Meinung

Erfolgreich ausgesessen

Anna Staroselski Foto: Gregor Zielke

Meinung

Erfolgreich ausgesessen

documenta: Der Vorwurf des Antisemitismus wiegt schwerer, als der Antisemitismus selbst

von Anna Staroselski  22.09.2022 13:51 Uhr

Von Naivität im Umgang mit Antisemitismus kann bei diesem Debakel nicht mehr die Rede sein. Getreu dem Motto »Schlimmer geht es immer« mussten wir in regelmäßigen Abständen erleben, wie dort, man muss es so sagen, antisemitische Urstände gefeiert wurden.

Man sollte doch denken, dass es normalerweise so abläuft: Es gibt einen antisemitischen Vorfall, es könnte aber auch Rassismus, Homophobie, Sexismus oder sonst etwas sein. Die Verantwortlichen versprechen, sie würden das Anliegen ernst nehmen und es prüfen. Experten werden herangezogen, die mit der Aufgabe betraut werden, der Sache auf den Grund zu gehen. Eine Untersuchung folgt, eine Stellungnahme wird abgegeben, auf deren Grundlage eine Entscheidung und konkrete Maßnahmen getroffen werden.

Hass Nicht so aber bei der diesjährigen documenta. Ein Expertengremium wurde einberufen, aus der Untersuchung resultierte eine klare Stellungnahme und was passierte dann? Die Experten wurden beschimpft. Die Künstler und Kuratoren antworteten auf den Vorwurf des Israel-Hasses mit noch mehr Israel-Hass.

Was Juden oft erleben, wird hier wieder einmal deutlich: Der Vorwurf des Antisemitismus wiegt schwerer, als der Antisemitismus selbst. Und was machen die Verantwortlichen? Nichts. Vom Geschäftsführer ganz zu schweigen. Die Gesellschafter schaffen es gerade einmal drei mickrige Zeilen zu fabrizieren.
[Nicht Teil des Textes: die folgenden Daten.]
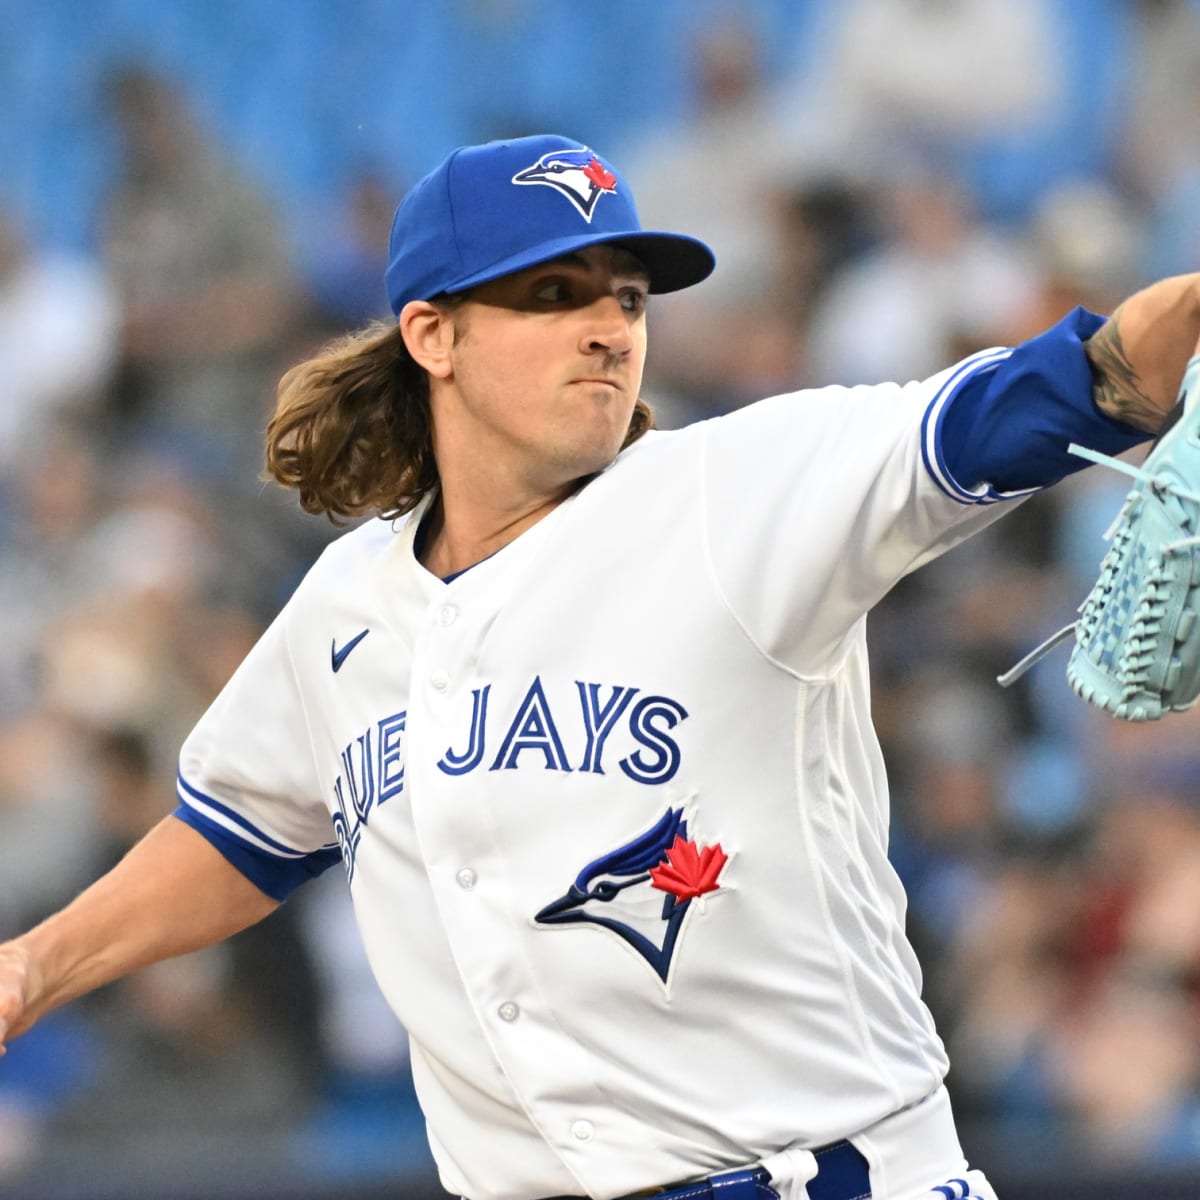 Blue Jays send Gausman to mound, aiming to avoid Twins sweep

Nächste Woche wird die documenta Geschichte sein. Die Verantwortlichen werden es geschafft haben, die Aneinanderreihung von Antisemitismus-Skandalen erfolgreich ausgesessen zu haben. Die Künstler und Kuratoren fühlen sich nachhaltig in ihrem Glauben bestärkt, Judenhass konsequenzlos ausleben lassen zu können und für die Juden bleibt die Erkenntnis, dass ihre Perspektive nicht nur nicht gehört, sondern sogar konsequent ignoriert wird.

Aber der 9. November steht ja vor der Tür. Alle Mann: Holt Eure »Nie-Wieder-Schilder« aus der Mottenkiste, es ist wieder Selfie Time!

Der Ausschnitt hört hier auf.